What you will do → Nothing in the copy should be a picture; everything else in the listing is to be restated exactly.

Data extract →
Content starts
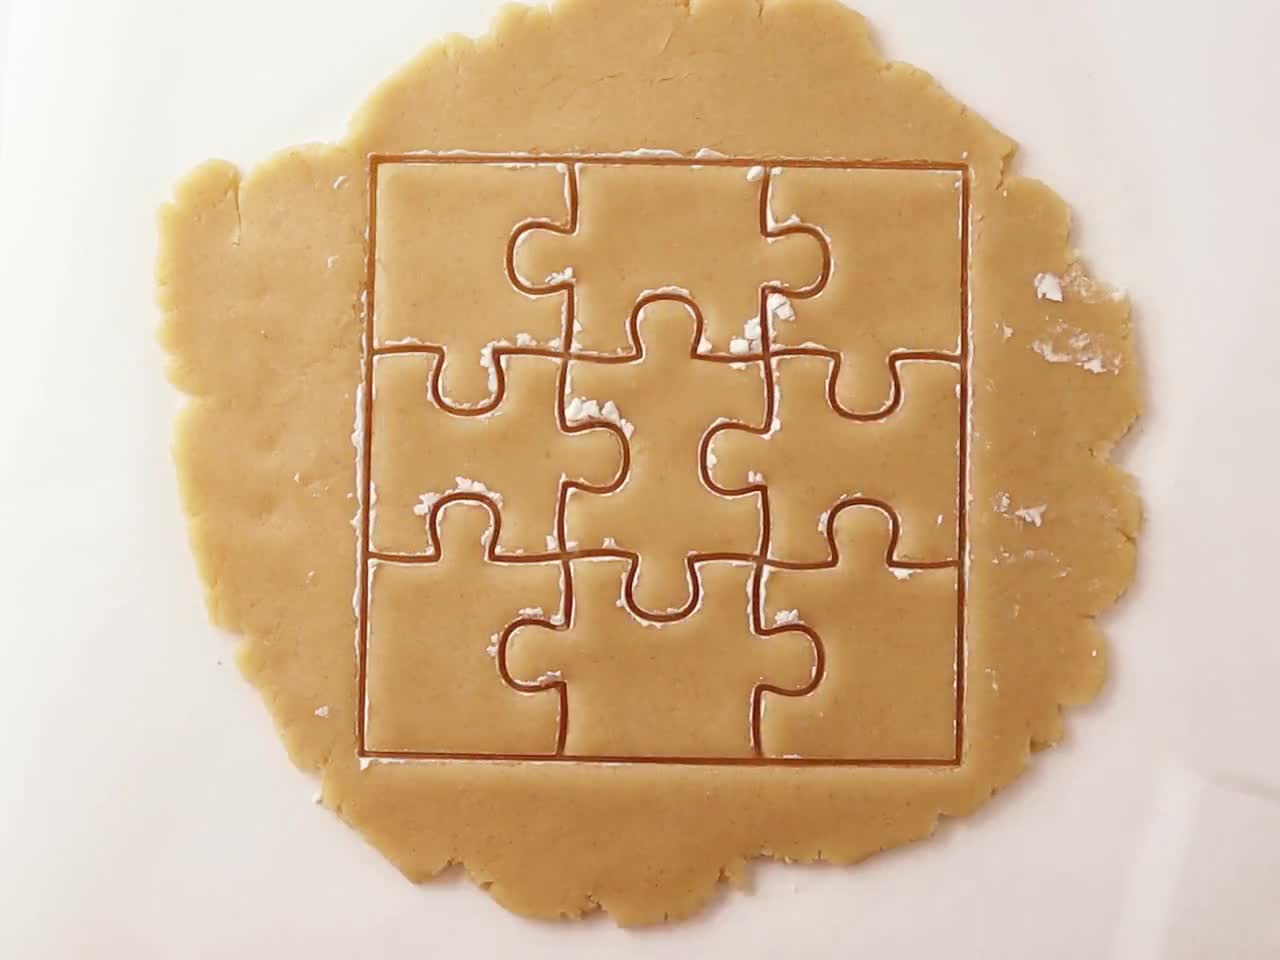 Puzzle Cookie Cutter Jigsaw Cookie Cutter Puzzle Piece Cookies Square  Cookie Cutter Jigsaw Puzzle Cookies Board Game Gift Jigsaw Gift -   Australia
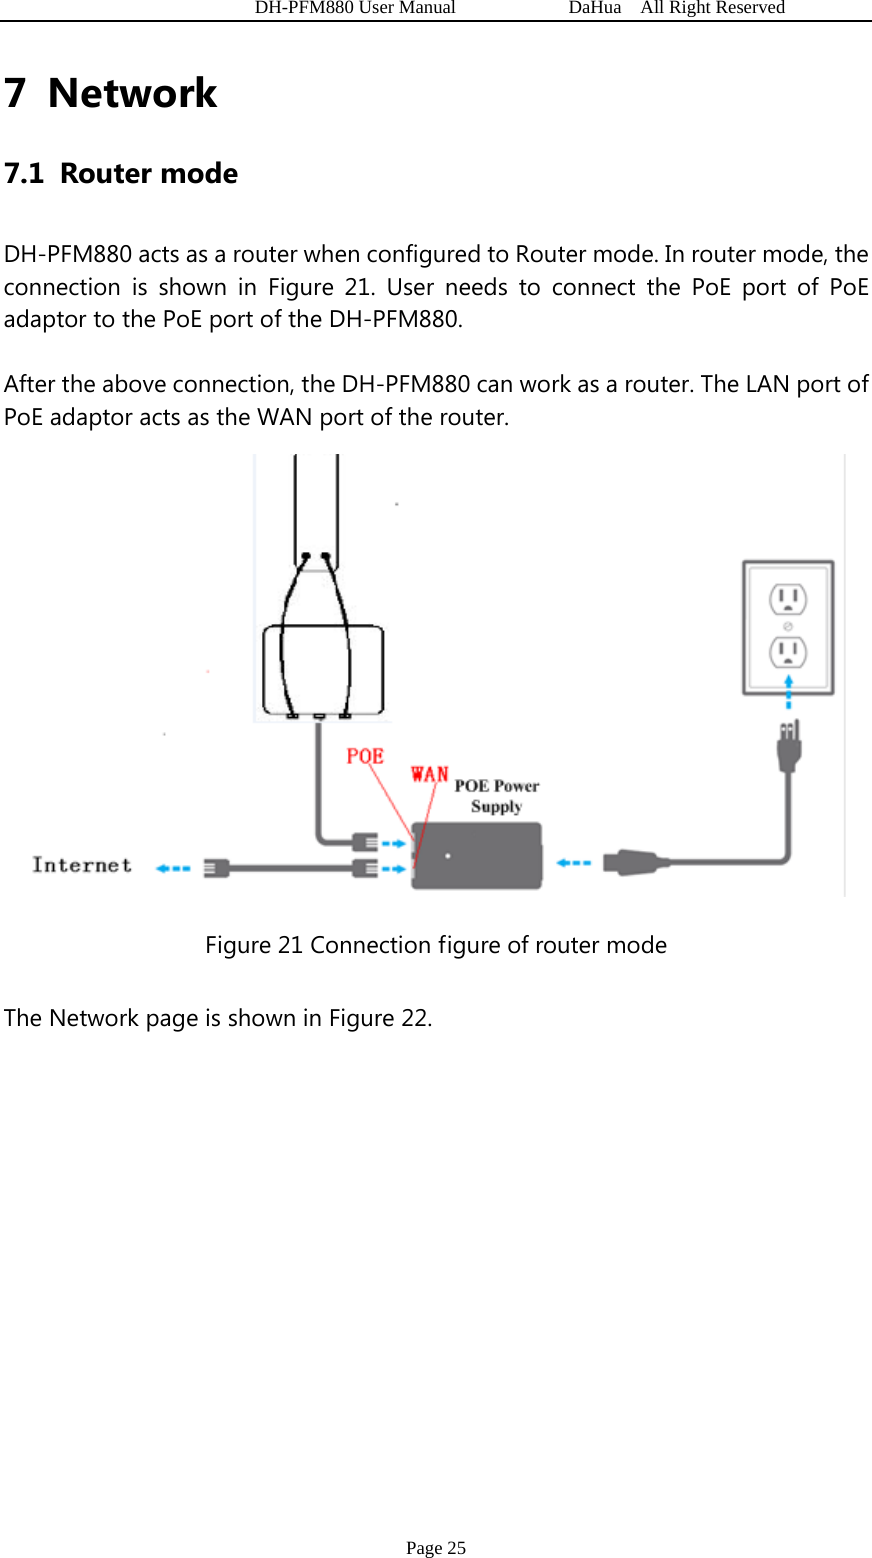   DH-PFM880 User Manual            DaHua  All Right Reserved Page 25 7 Network 7.1 Router mode DH-PFM880 acts as a router when configured to Router mode. In router mode, the connection is shown in Figure 21. User needs to connect the PoE port of PoE adaptor to the PoE port of the DH-PFM880.   After the above connection, the DH-PFM880 can work as a router. The LAN port of PoE adaptor acts as the WAN port of the router.  Figure 21 Connection figure of router mode The Network page is shown in Figure 22. 
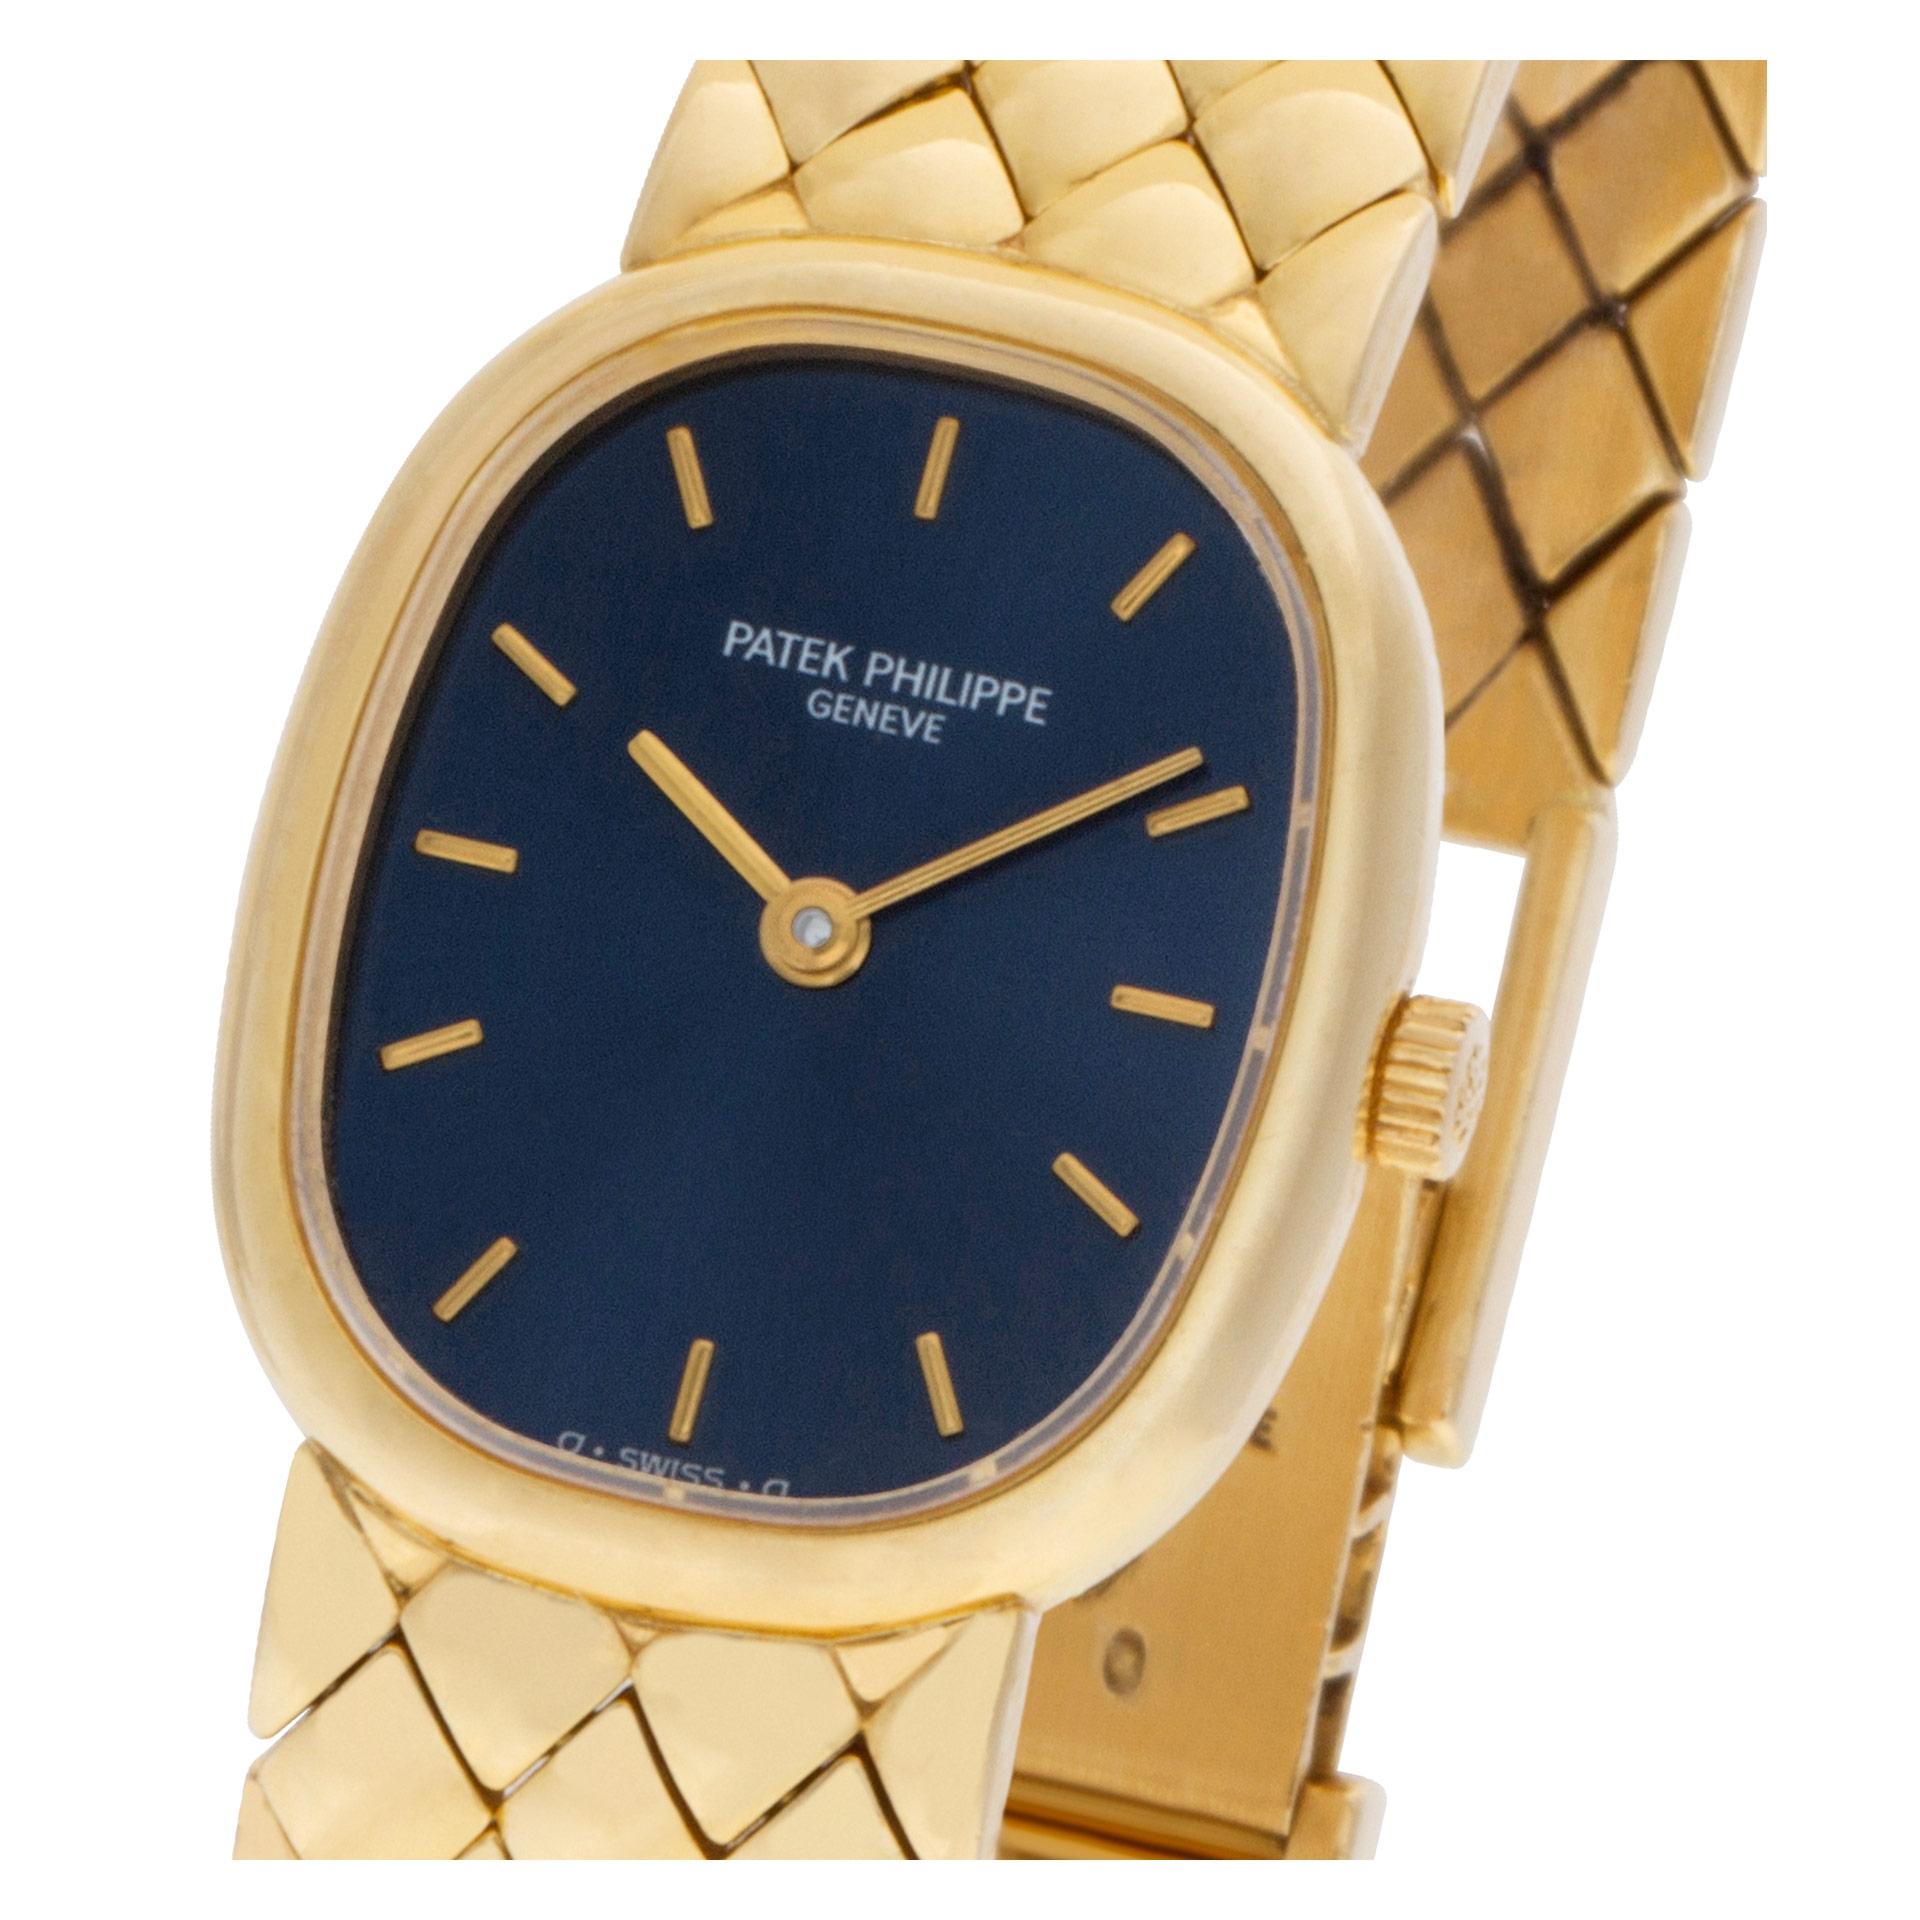  ESTIMATED RETAIL: $14,900     YOUR PRICE: $10,925.00

Ladies Patek Philippe Ellipse blue sunburst dial in 18k yellow gold. Quartz. 19.5 mm case size. With Patek Philippe papers. It will fit up to a 6
Content ends
Written answer →
 Puzzle Cookie Cutter Jigsaw Cookie Cutter Puzzle Piece Cookies Square  Cookie Cutter Jigsaw Puzzle Cookies Board Game Gift Jigsaw Gift -   Australia
   DH-PFM880 User Manual            DaHua  All Right Reserved Page 25 7 Network 7.1 Router mode DH-PFM880 acts as a router when configured to Router mode. In router mode, the connection is shown in Figure 21. User needs to connect the PoE port of PoE adaptor to the PoE port of the DH-PFM880.   After the above connection, the DH-PFM880 can work as a router. The LAN port of PoE adaptor acts as the WAN port of the router.  Figure 21 Connection figure of router mode The Network page is shown in Figure 22. 
  ESTIMATED RETAIL: $14,900     YOUR PRICE: $10,925.00

Ladies Patek Philippe Ellipse blue sunburst dial in 18k yellow gold. Quartz. 19.5 mm case size. With Patek Philippe papers. It will fit up to a 6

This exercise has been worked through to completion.